For a more extended discussion, see Pauline Kael's book Kiss Kiss Bang Bang.

Rumba

US (1935): Drama
77 min, No rating, Black & White

Paramount, having succeeded at the box office with the pseudo-primitive sexuality of BOLERO, pushed its luck the next year in this attempt at a follow-up. George Raft and Carole Lombard carry on some wriggling activity that is meant to be dancing. The film is beyond disaster. With Lynne Overman, Margo, Iris Adrian, Gail Patrick, Monroe Owsley, and Samuel S. Hinds. Directed, in a spirit of hopelessness, by Marion Gering.

The Russians Are Coming!
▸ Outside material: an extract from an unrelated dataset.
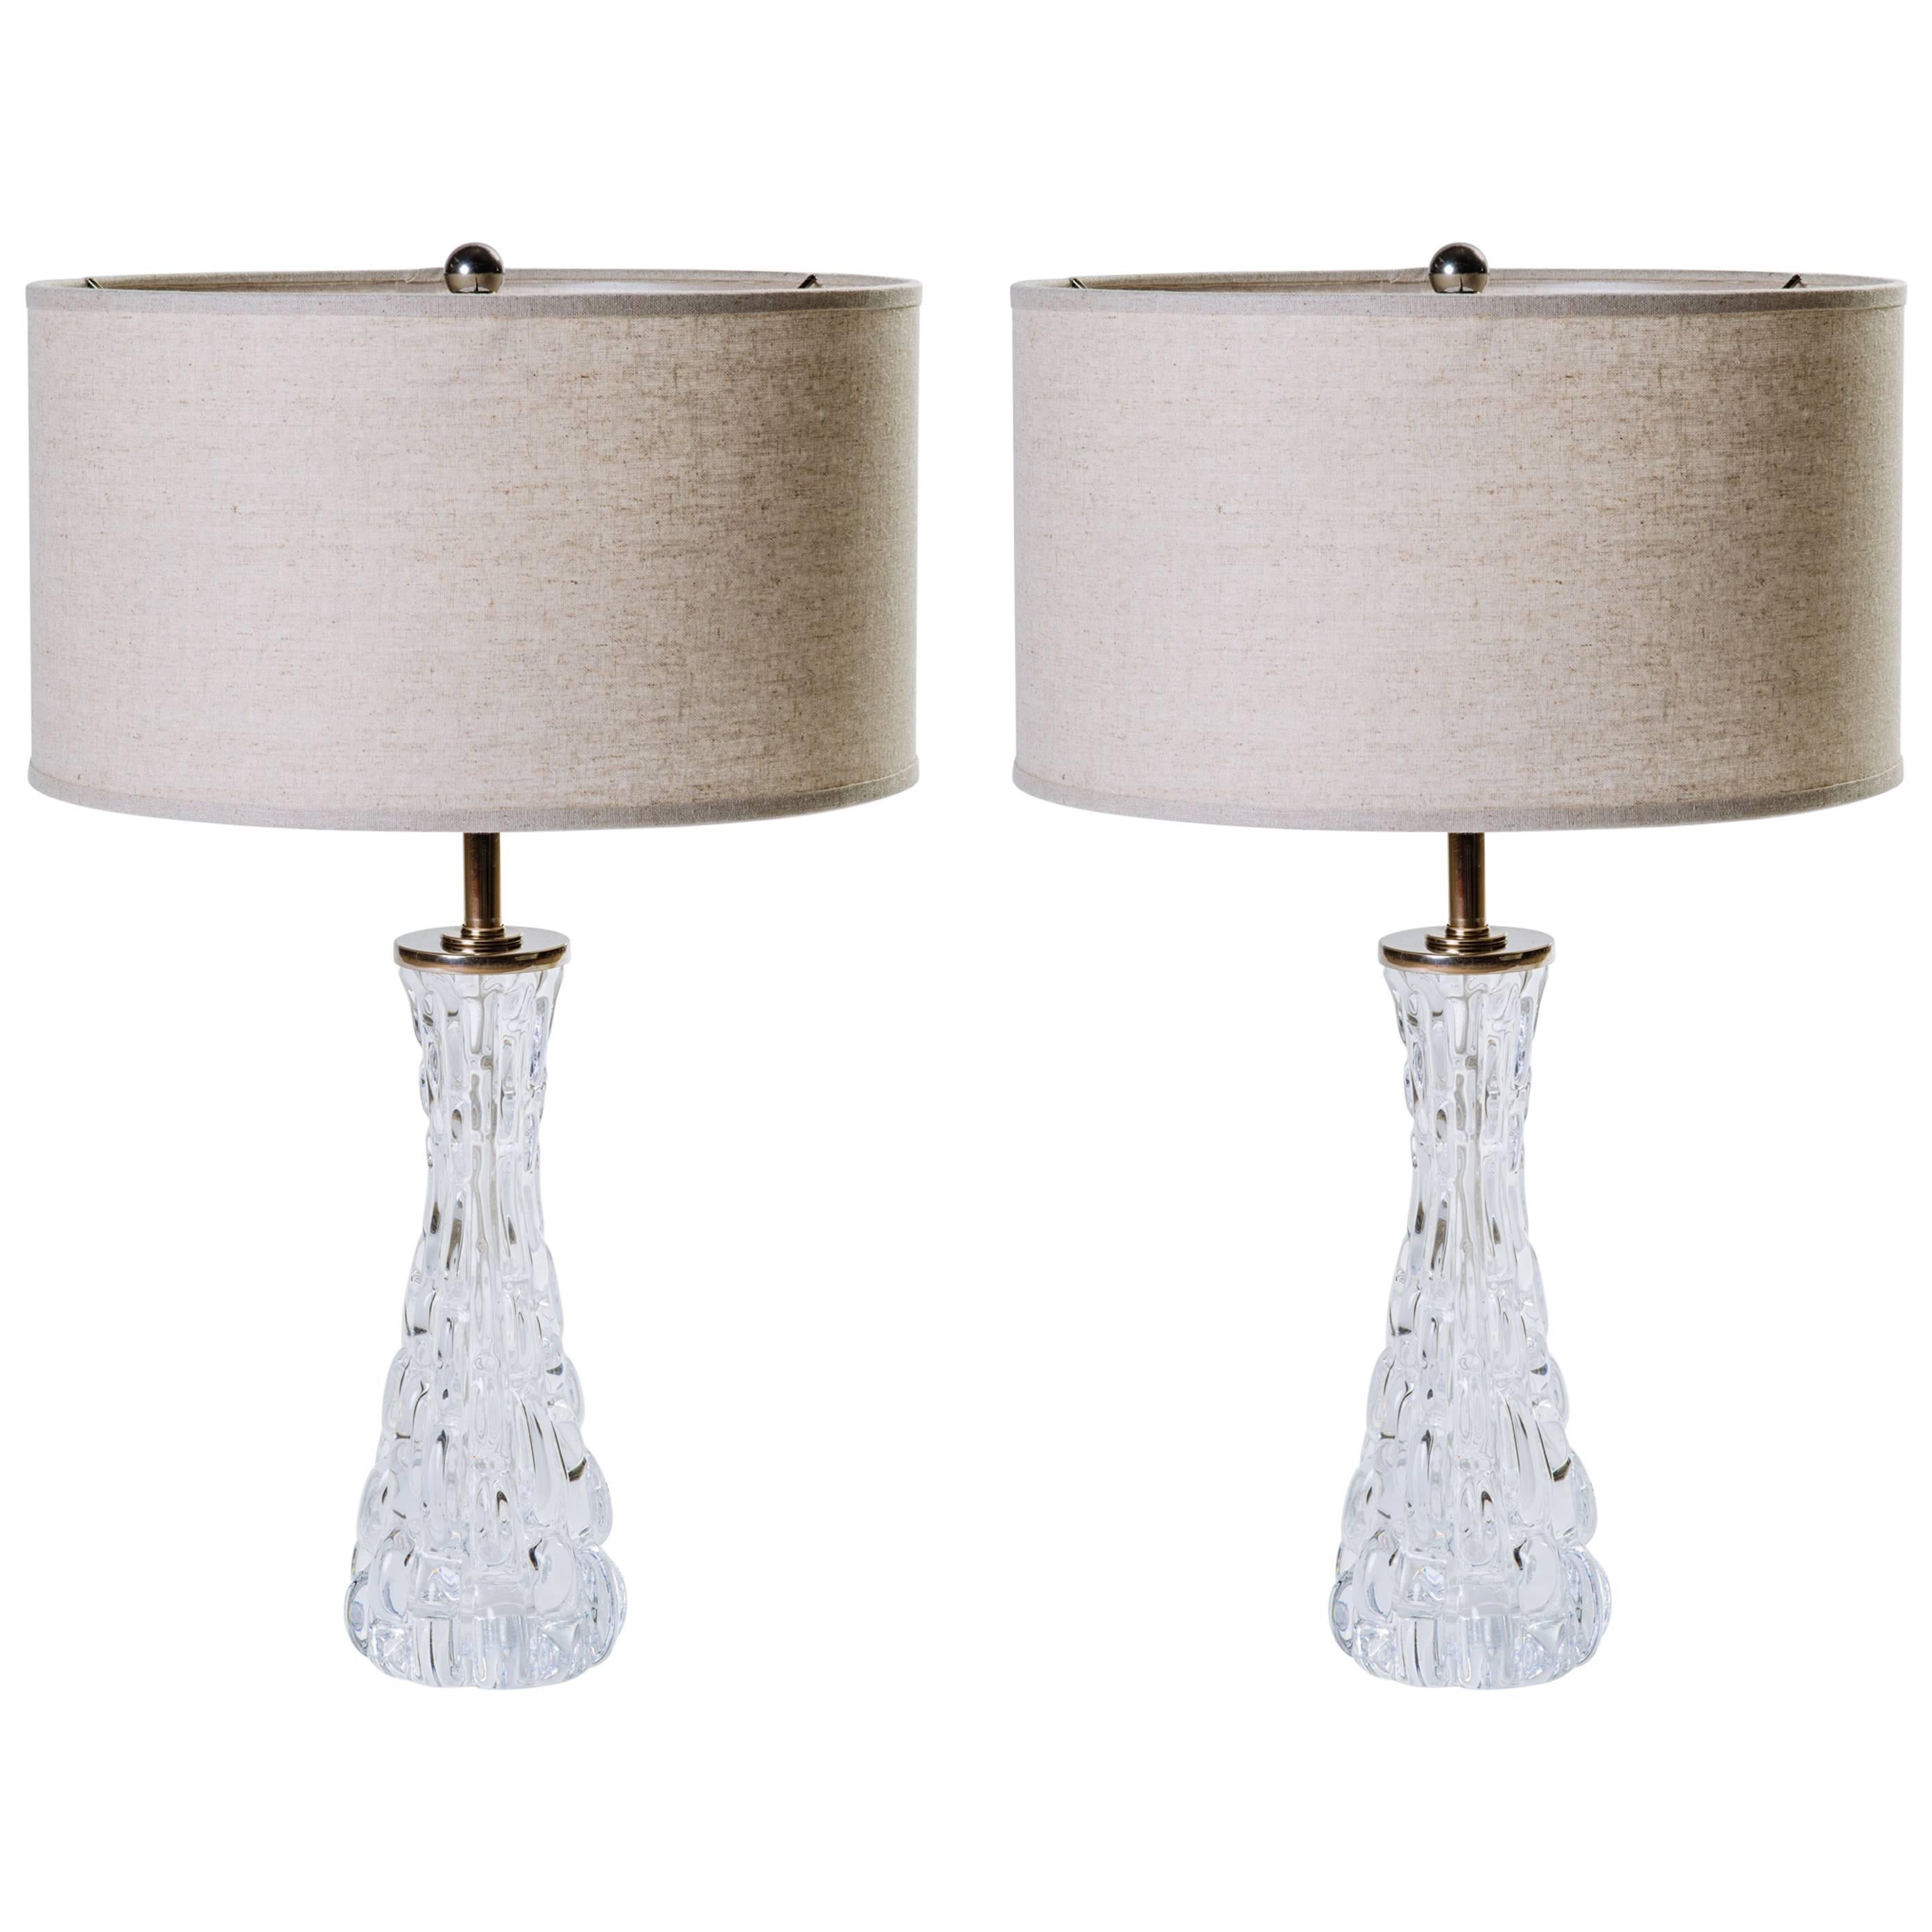 Pair of Swedish Mid-Century Modern Crystal Ice Glass Lamps by Orrefors

The Russians Are Coming!

US (1966): Comedy
126 min, No rating, Color, Available on videocassette and laserdisc

Alan Arkin as a Russian sailor, and Carl Reiner as a vacationing New York writer, in a comedy about a Russian submarine going aground on an island just off Cape Cod. Norman Jewison directed this too warmly rambunctious entertainment, which was actually shot in Northern California. With Doro Merande hanging on a wall (the best gag in the movie), Brian Keith, Jonathan Winters, Eva Marie Saint, Ben Blue, John Phillip Law, Paul Ford, Theodore Bikel, and Tessie O'Shea. The script, by William Rose, is based on Nathaniel Benchley's novel The Off-Islanders. United Artists.

Ruthless People

US (1986): Comedy
93 min, Rated R, Color, Available on videocassette and laserdisc

A lot of normally bright people seem to like getting dumbed-out when they go to movies in the summer, and that may explain the whooping-it-up hot-weather audience for this cheesy low farce, with Danny De Vito as a thieving millionaire who wants to kill his heiress wife (Bette Midler) and is overjoyed when she's kidnapped. With Judge Reinhold and Helen Slater (who has good eyes for rolling) as the warmhearted kidnappers; Anita Morris as the husband's mistress (she looks as if she could do considerably better); Bill Pullman as the mistress's ninny of a lover; and William G. Schilling as the police commissioner. Directed by the AIRPLANE! threesome--Jim Abrahams, David Zucker, and Jerry Zucker--from a script, by Dale Launer, that provides a semblance of clever construction, though you see each complication being set in place. (The plot is a reworking of an O. Henry story that has served many other screenwriters, as in the 1958 TOO MANY CROOKS and the 1967 THE HAPPENING.) Touchstone (Disney).

Ryan's Daughter

UK (1970): Romance/Drama
176 min, Rated PG, Color, Available on videocassette and laserdisc

Gush made respectable by millions of dollars tastefully wasted. Sarah Miles marries Robert Mitchum but experiences rapture with Christopher Jones. Directed by David Lean, on a cosmic scale, from Robert Bolt's script. With John Mills, Trevor Howard, and Leo McKern. Cinematography by Freddie Young; music by Maurice Jarre. MGM.
For a more extended discussion, see Pauline Kael's book Deeper into Movies.